### WORK INSTRUCTIONS
Would you give the listing again exactly as written, minus its pictures?

### STORED DATA
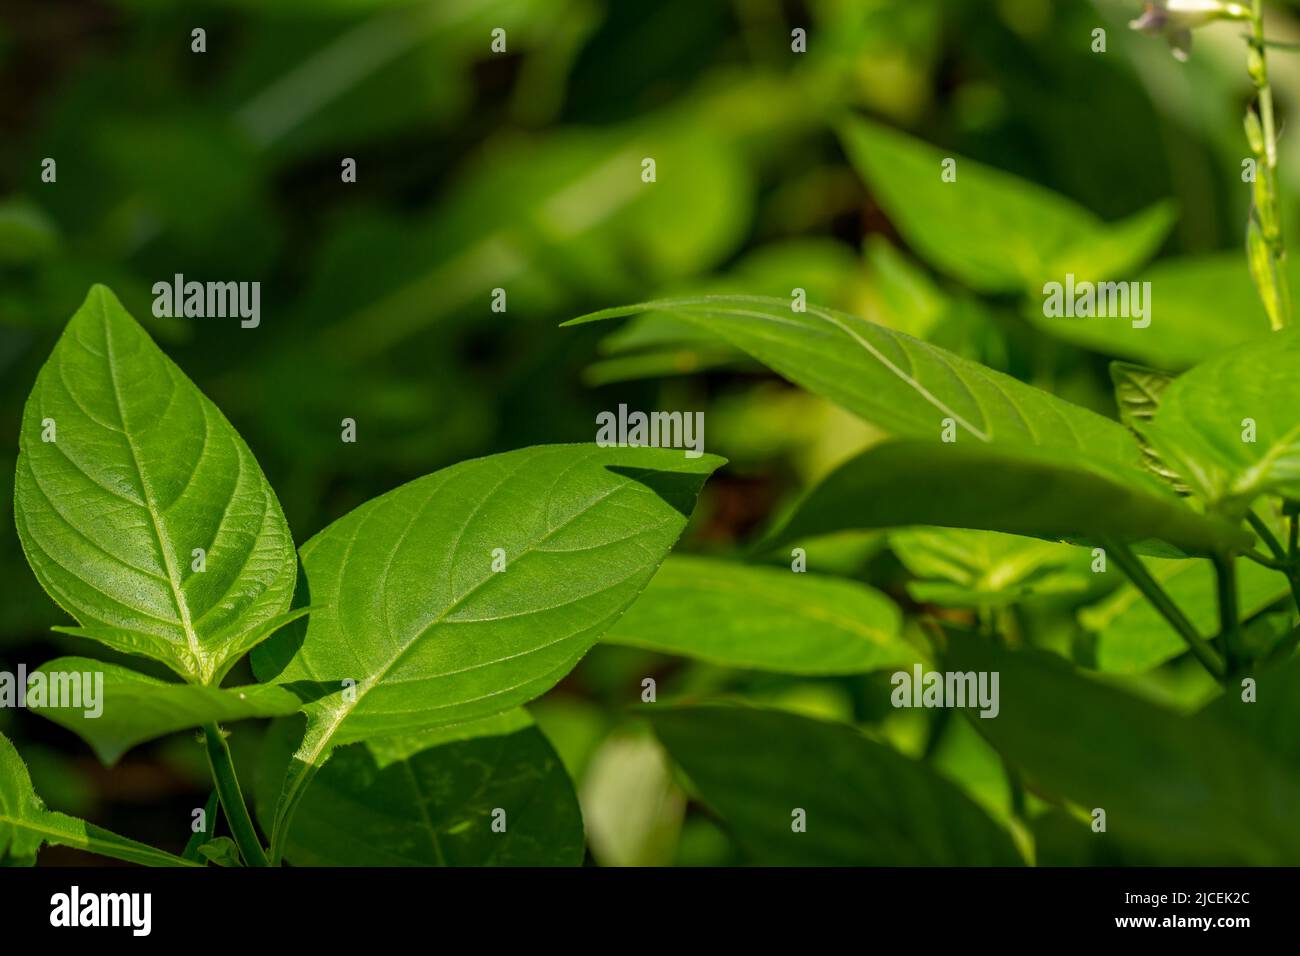 Green grass called chinese violet, leaves and stems are green, nature theme Stock Photo
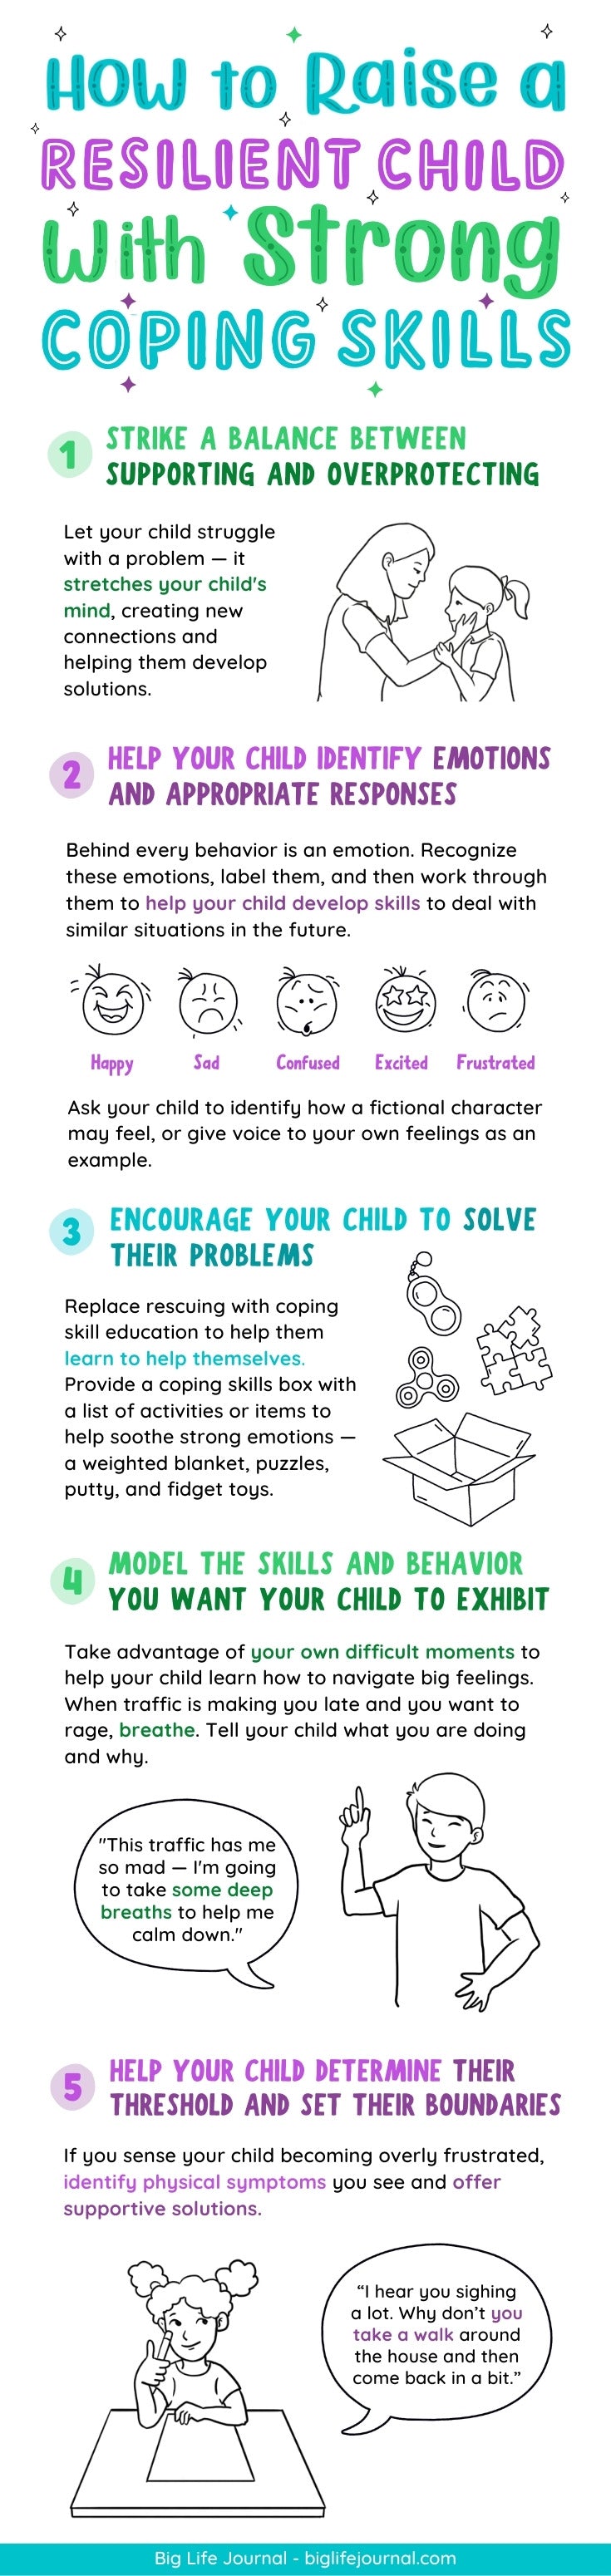 How to Raise a Resilient Child with Strong Coping Skills
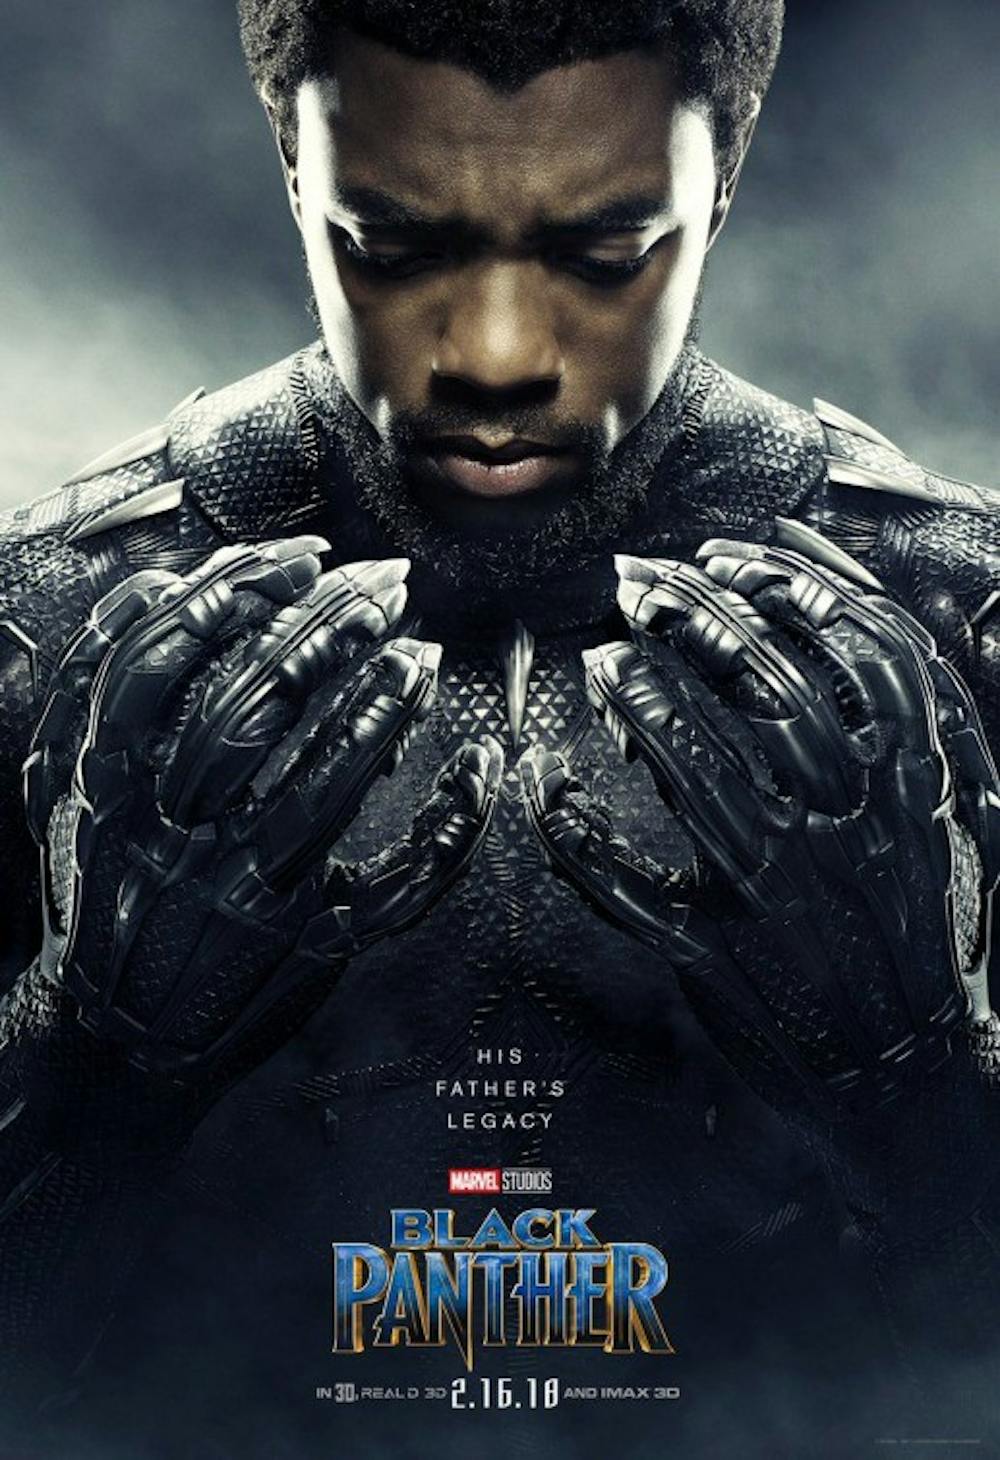 <p>"Black Panther" is one of Marvel's most successful features to date, combining the classic action and special effects with a rich cultural backdrop.</p>

### RESPONSE BELOW
 Green grass called chinese violet, leaves and stems are green, nature theme Stock Photo
 How to Raise a Resilient Child with Strong Coping Skills
 <p>"Black Panther" is one of Marvel's most successful features to date, combining the classic action and special effects with a rich cultural backdrop.</p>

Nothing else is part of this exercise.